Fri, April 17, 4:05 to 5:35pm, Virtual Room

Abstract

In this paper, we as three Southeast Asian American womxn from the SEAAsterScholars Collective, describe our complicated and complex relationships and experiences with our names. In alignment with and contribution to a growing body of scholarship produced by Black, Indigenous, and womxn of color scholars, we write and share our experiences as liberatory practice (e.g., Anzaldúa, 1993, Lorde, 1984; Espino, Muñoz, & Kiyama, 2010; Martinez, 2014; Rodriguez, 2006). We write together as a political act to liberate ourselves from racial and ethnic oppression, patriarchy, and censorship, among other forms of oppression (Bird, 1998; Bernal, Burciaga, & Carmona, 2012; Martinez, 2014). We are daughters of refugees from Southeast Asia who were impacted by U.S. imperialism and intervention in the countries of Vietnam, Laos, and Cambodia in the 1970s. The resulting period of political instability, militarization, and genocide forced our families to flee persecution and leave their homes behind. These contexts inextricably shape our relationships with our names. In this paper, we narrate our complicated and complex relationships and experiences with our names as names are important sites of identity. We all have stories that accompany our names, though these stories may not yet be known (Kiang, 1997).
Through the use of collaborative autoethnography as methodology, we engaged in intimate and vulnerable dialogue about our educational journeys. By delving into our own individual stories, our narratives collectively illuminate the multiple, intersecting forms of marginalization we must navigate related to our race, ethnicity, gender, socioeconomic status, and U.S. imperialism. Specifically, we delineate the multiple layers of (in)visibility we experience; we highlight racism, sexism, and classism toward our names, and we foreground the unseen labor we engage in to lay claim to our names.
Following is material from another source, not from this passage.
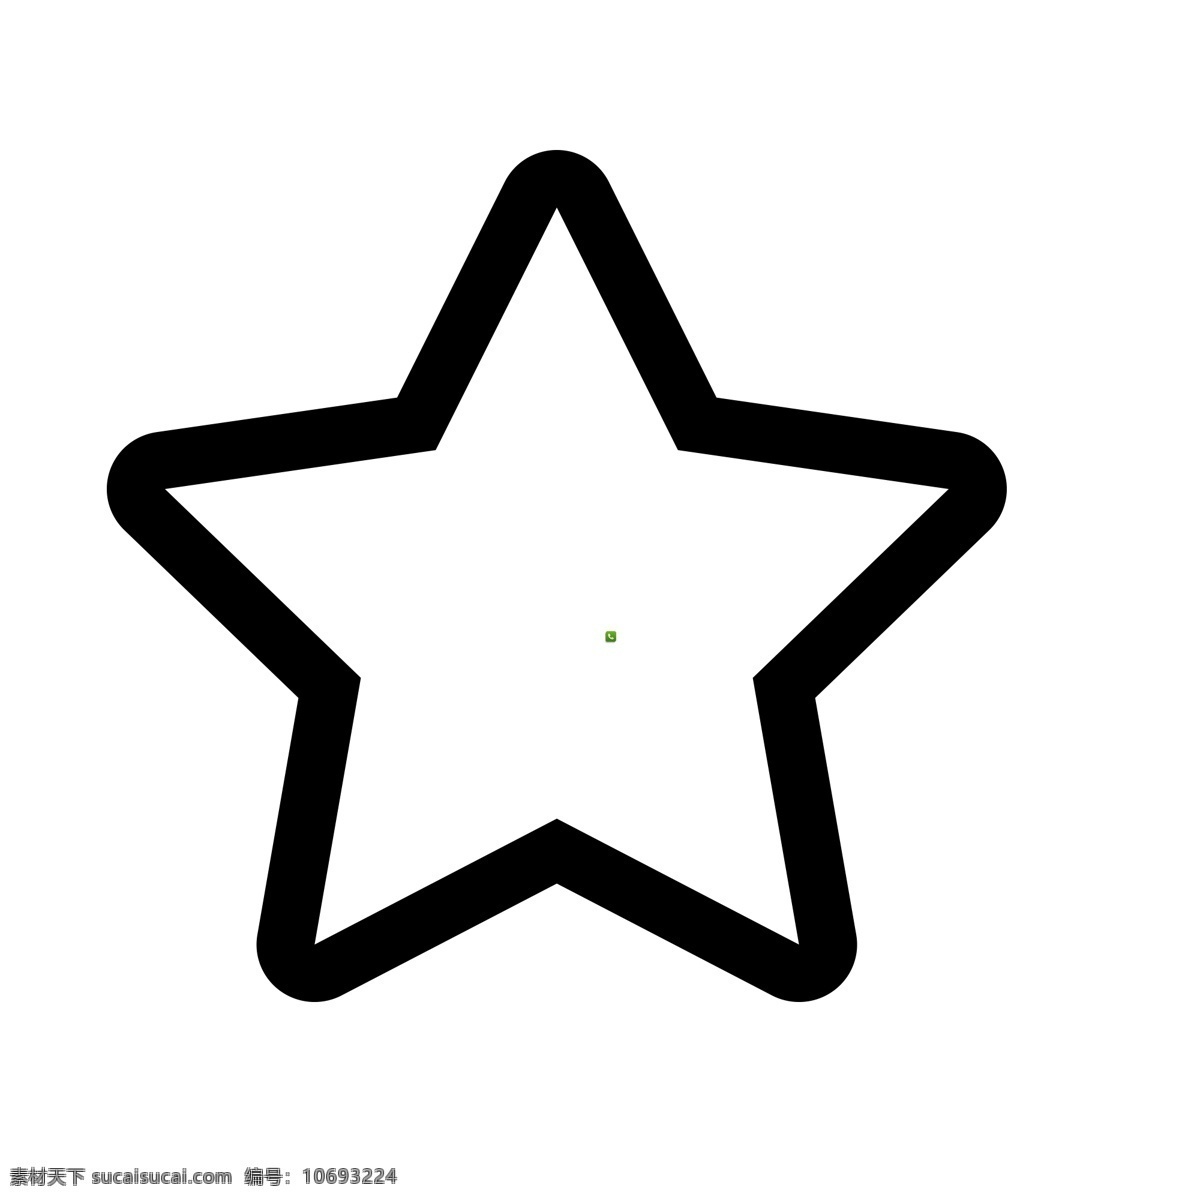 扁平化五角星 收藏图标 扁平化ui ui图标 手机图标 界面ui 网页ui h5图标

Despite the manifestation of othering, invisibility, and exoticization connected to our names, our (re)negotiations and (re)articulations of our names also serve as a source of empowerment and resistance: (1) our names connect us to our families, culture, and tradition; yet, they also serve to connect us to each other as ways of finding others similar to us, especially in spaces where we are often the “only ones,” (2) we honor our families through keeping or (re)claiming our names, (3) we assert our own autonomy, agency, and ownership over our identities as whole beings by cultivating environments where our names (and by extension, our communities) are valued and respected.
As the field of higher education and student affairs work to support Southeast Asian American students and womxn of color, we offer the following implications, lessons, and action items from our narratives: (1) learn and say students’ names, (2) practice intentionality and care for the learning and questioning of students’ names in recognition that names carry history, stories, and trauma, (3) dismantle underlying sense of entitlement to question students’ name choices, stories, and pronunciations, and (4) fostering environments that provide students with the ability to collaboratively reflect upon their experiences, document their stories, and opportunities to connect with their cultural communities.